Lectura de la primera carta del apóstol san Pablo a los Corintios 2, 1-5
Yo, hermanos, cuando vine a vosotros a anunciaros el misterio de Dios, no lo hice con sublime elocuencia o sabiduría, pues nunca entre vosotros me precié de saber cosa alguna, sino a Jesucristo, y éste crucificado.
Me presenté a vosotros débil y temblando de miedo; mi palabra y mi predicación no fue con persuasiva sabiduría humana, sino en la manifestación y el poder del Espíritu, para que vuestra fe no se apoye en la sabiduría de los hombres, sino en el poder de Dios.
Lectura del santo evangelio según san Mateo 5, 13-16
En aquel tiempo, dijo Jesús a sus discípulos:
—«Vosotros sois la sal de la tierra. Pero si la sal se vuelve sosa, ¿con qué la salarán?
No sirve más que para tirarla fuera y que la pise la gente.
Vosotros sois la luz del mundo. No se puede ocultar una ciudad puesta en lo alto de un monte.
Tampoco se enciende una lámpara para meterla debajo del celemín, sino para ponerla en el candelero y que alumbre a todos los de casa.
Alumbre así vuestra luz a los hombres, para que vean vuestras buenas obras y den gloria a vuestro Padre que está en el cielo».
HOMILÍA
Cuando uno se asoma a la gran ventana de mundo y contempla de lleno la gran masa de gentes con las que compartimos el tiempo y la historia, es imposible no sentir una honda herida en el corazón: es el grito de los pobres, de los hambrientos, de los sin techo, de los desnudos, de esa masa ingente que de vez en cuando asoman por nuestras televisiones o se cuelan en nuestros mundos tiñendo de amargura el horizonte feliz con el que se nos quiere hacer creer que “todo va bien” o que “estamos en el buen camino”.
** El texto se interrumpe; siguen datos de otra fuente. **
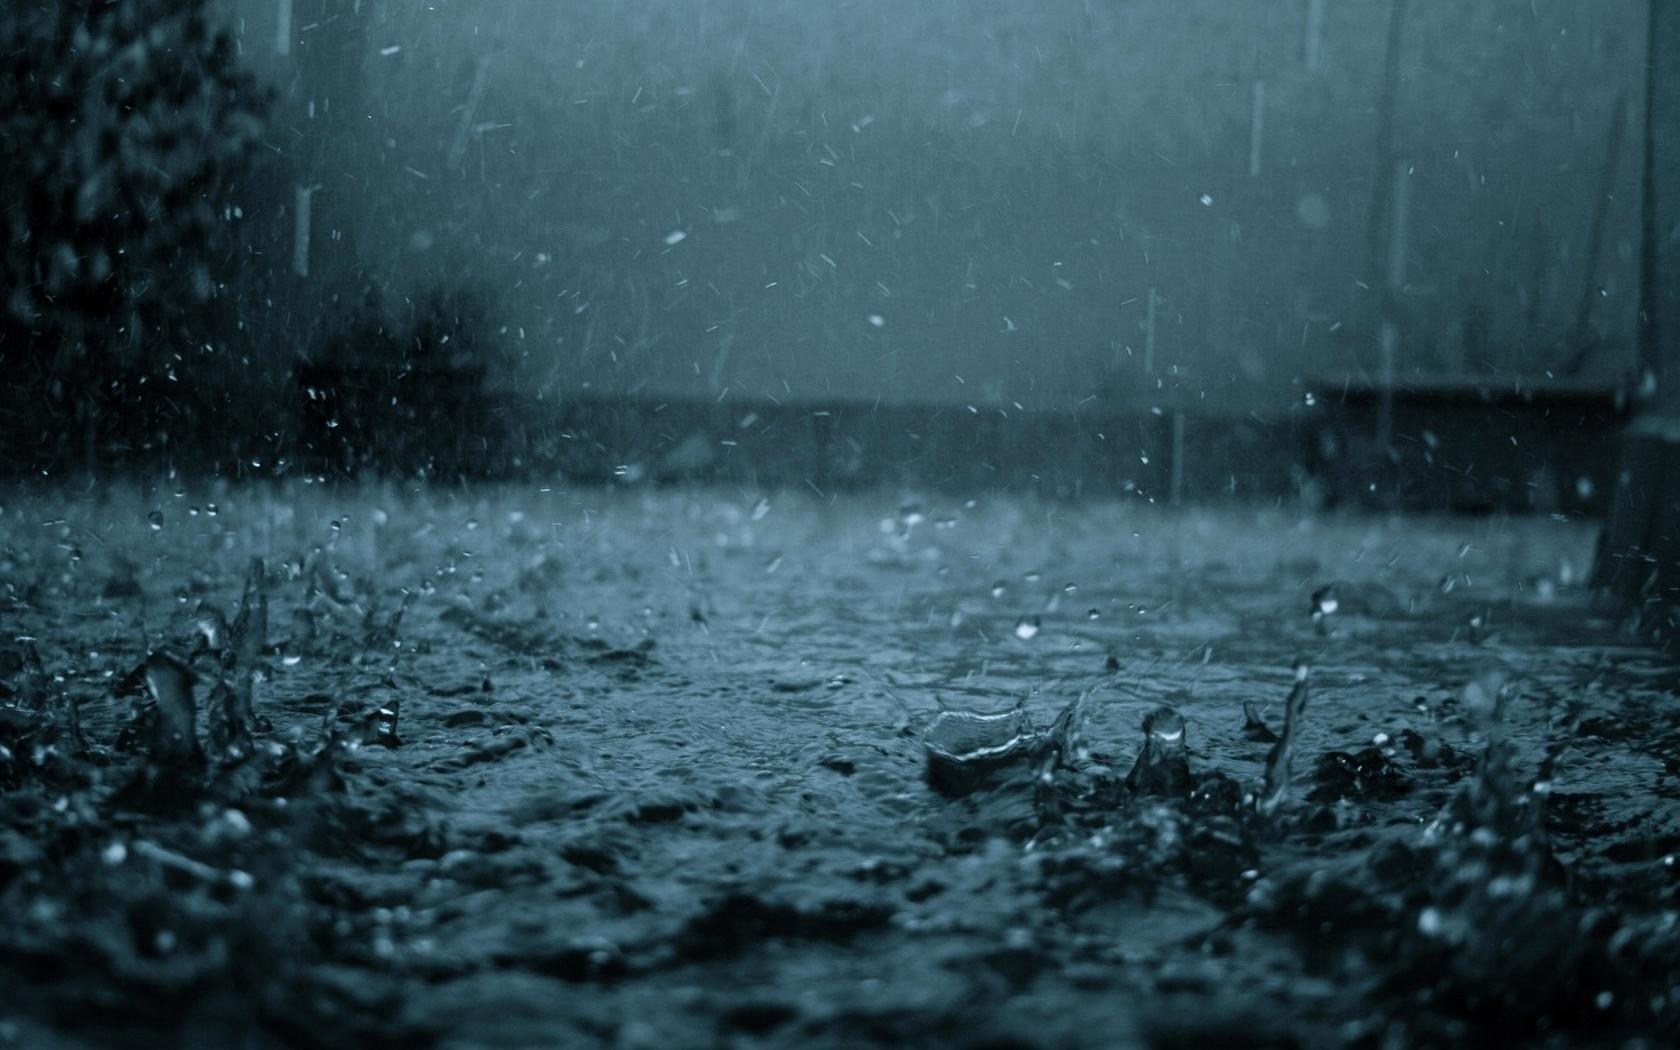 Неменее 20 заявок оскоплениях воды из-за дождя поступило вМосводосток

Para una minoría de cristianos, esos rostros que en silencio claman justicia, no son desconocidos; se trata de quellos que no se han cerrado a su propia carne, sino que han sabido salir de sí mismos para iniciar un camino que lleva a las cruces y pesebres de la historia. En la antesala de ese compromiso estamos muchos: los mediocres, los que hemos pronunciado un “sí” a medias sin acabarnos de creer del todo la Palabra de Dios.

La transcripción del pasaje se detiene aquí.